The probability of this error can be configured through the `p_error` and `global_p_error` configuration options. The difference between these two options is that, `p_error` is for individual TLUs but `global_p_error` is for the whole circuit.
Here is an example, if you set `p_error` to `0.01`, it means every TLU in the circuit will have a 1% chance of not being exact and 99% chance of being exact. If you have a single TLU in the circuit, `global_p_error` would be 1% as well. But if you have 2 TLUs for example, `global_p_error` would be almost 2% (`1 - (0.99 * 0.99)`).
However, if you set `global_p_error` to `0.01`, the whole circuit will have 1% probability of being not exact, no matter how many table lookups are there.

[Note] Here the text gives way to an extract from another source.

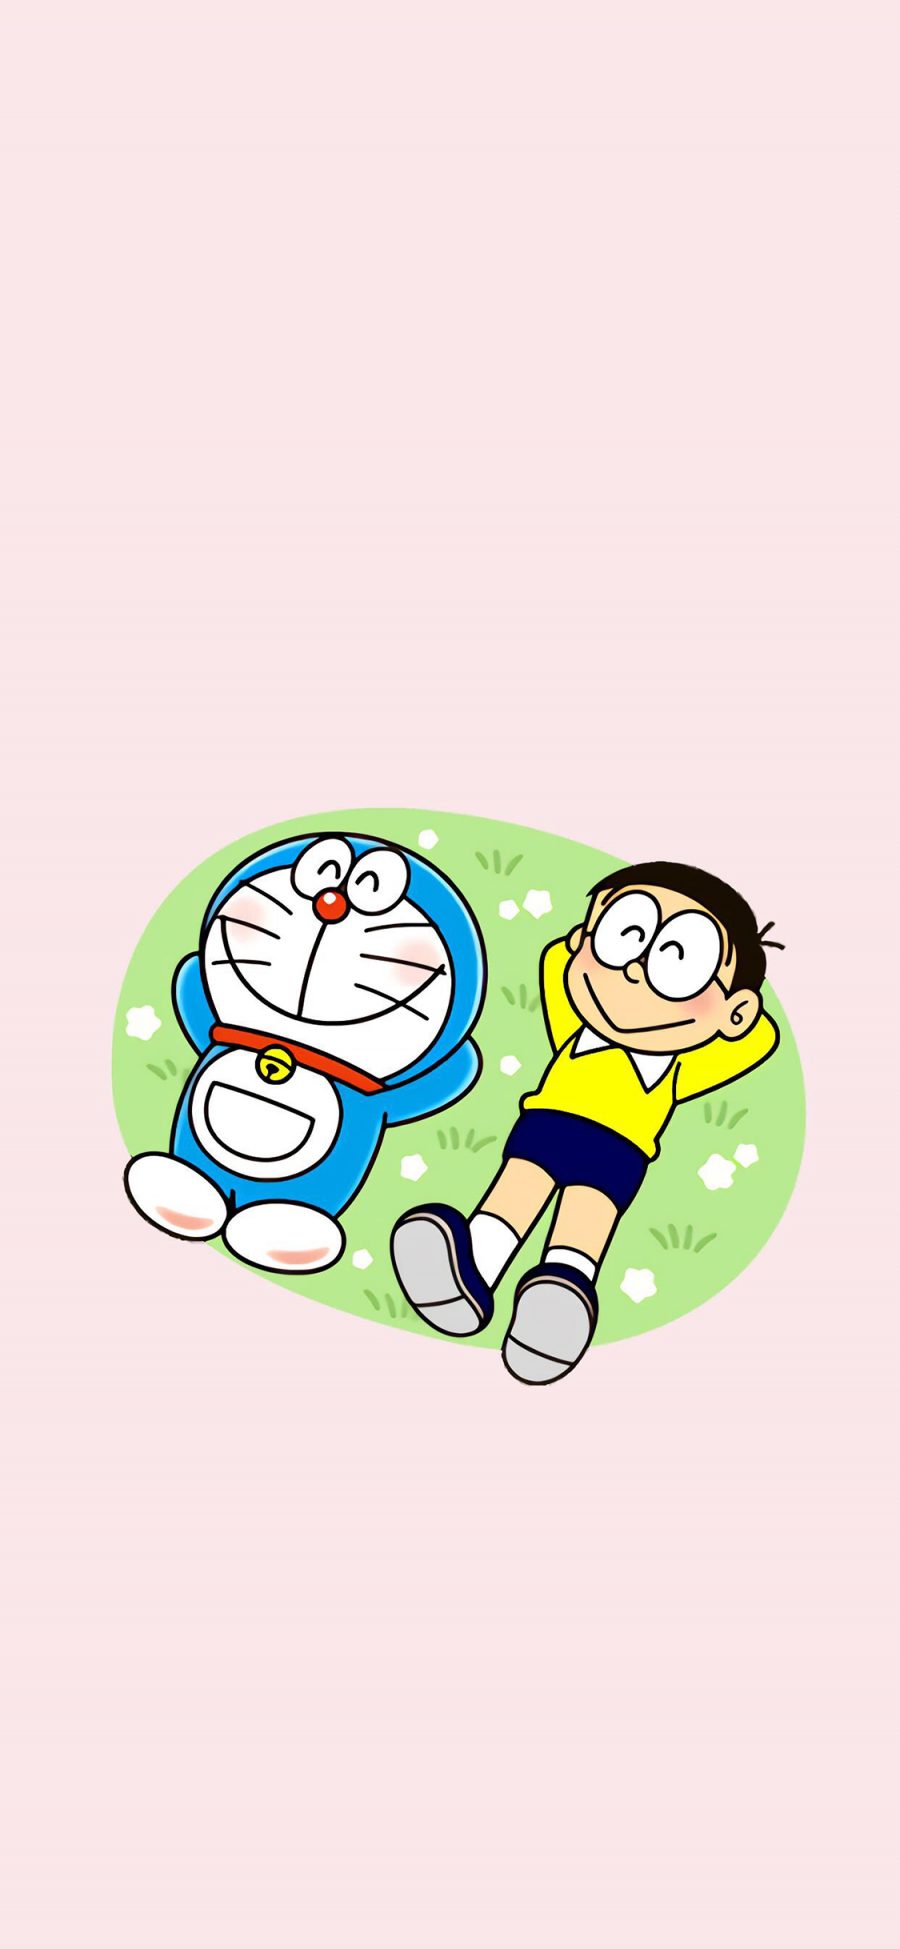 [2436×1125]哆啦A梦 大雄 叮当猫 动画 粉色 苹果手机动漫壁纸图片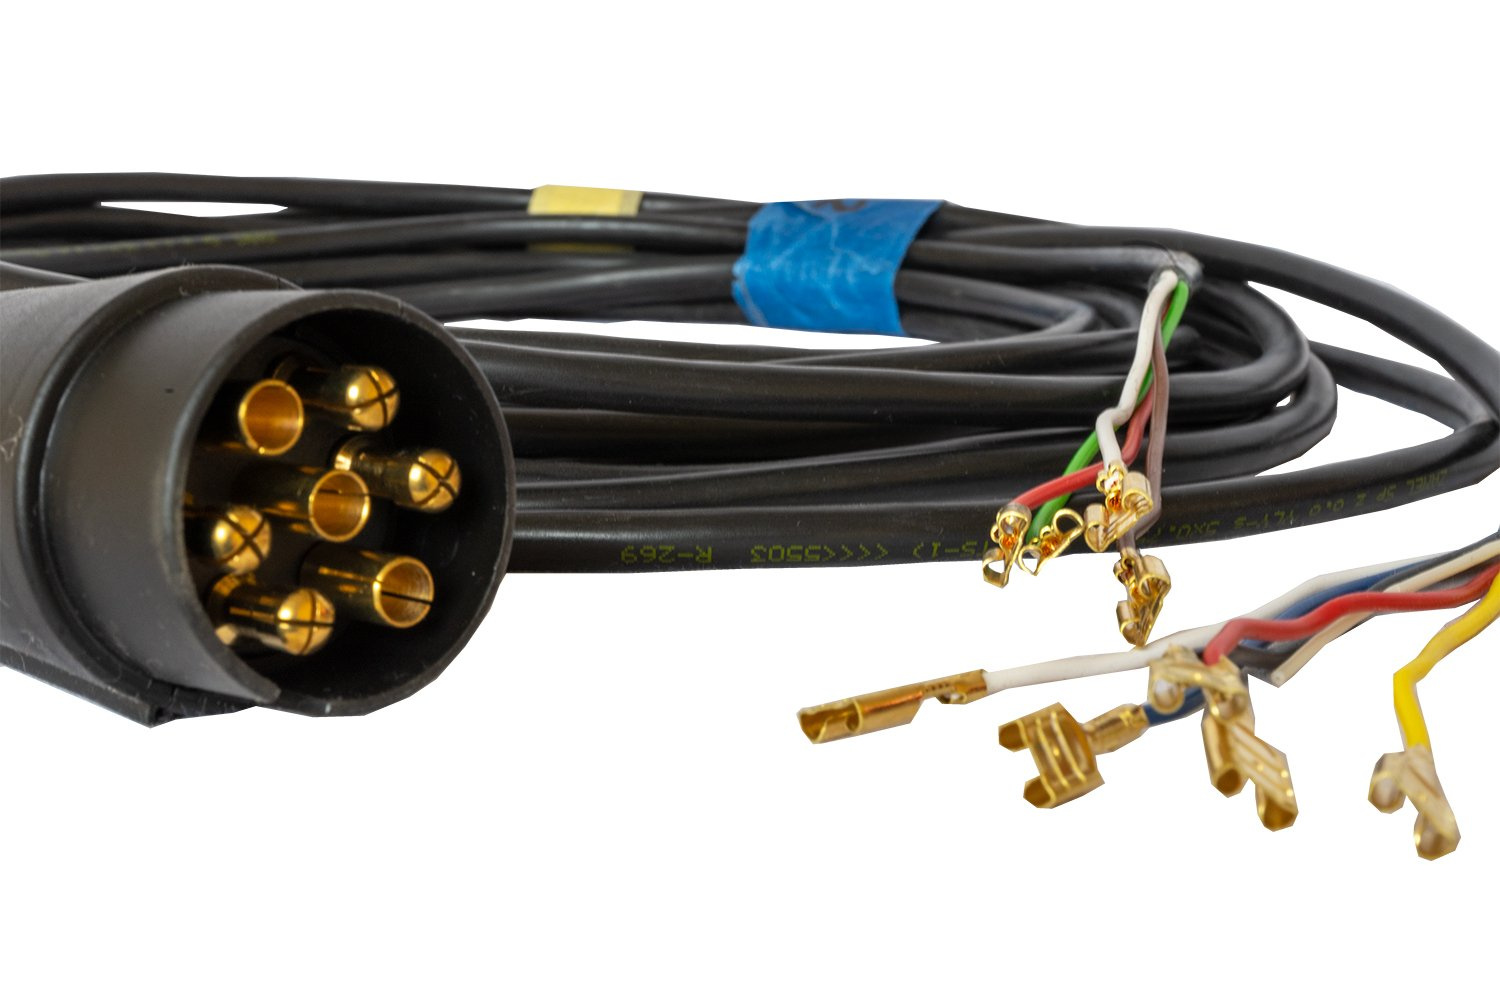 Voorkeur Kijkgat Reageer De kabel voor de aanhanger met een 7-polige stekker zonder bajonetten met  een draaddoorsnede van 0,75 mm en een lengte van 4 m - UNITRAILER

If you set both of them, both will be satisfied. Essentially, the stricter one will be used.
By default, `p_error` is set to `None` and `global_p_error` is set to `1 / 100_000`. Feel free to play with these configuration options to pick the one best suited for your needs! For example, in some machine learning use cases, off-by-one or off-by-two errors doesn't affect the result much, in such cases `p_error` could be set to increase performance without losing accuracy.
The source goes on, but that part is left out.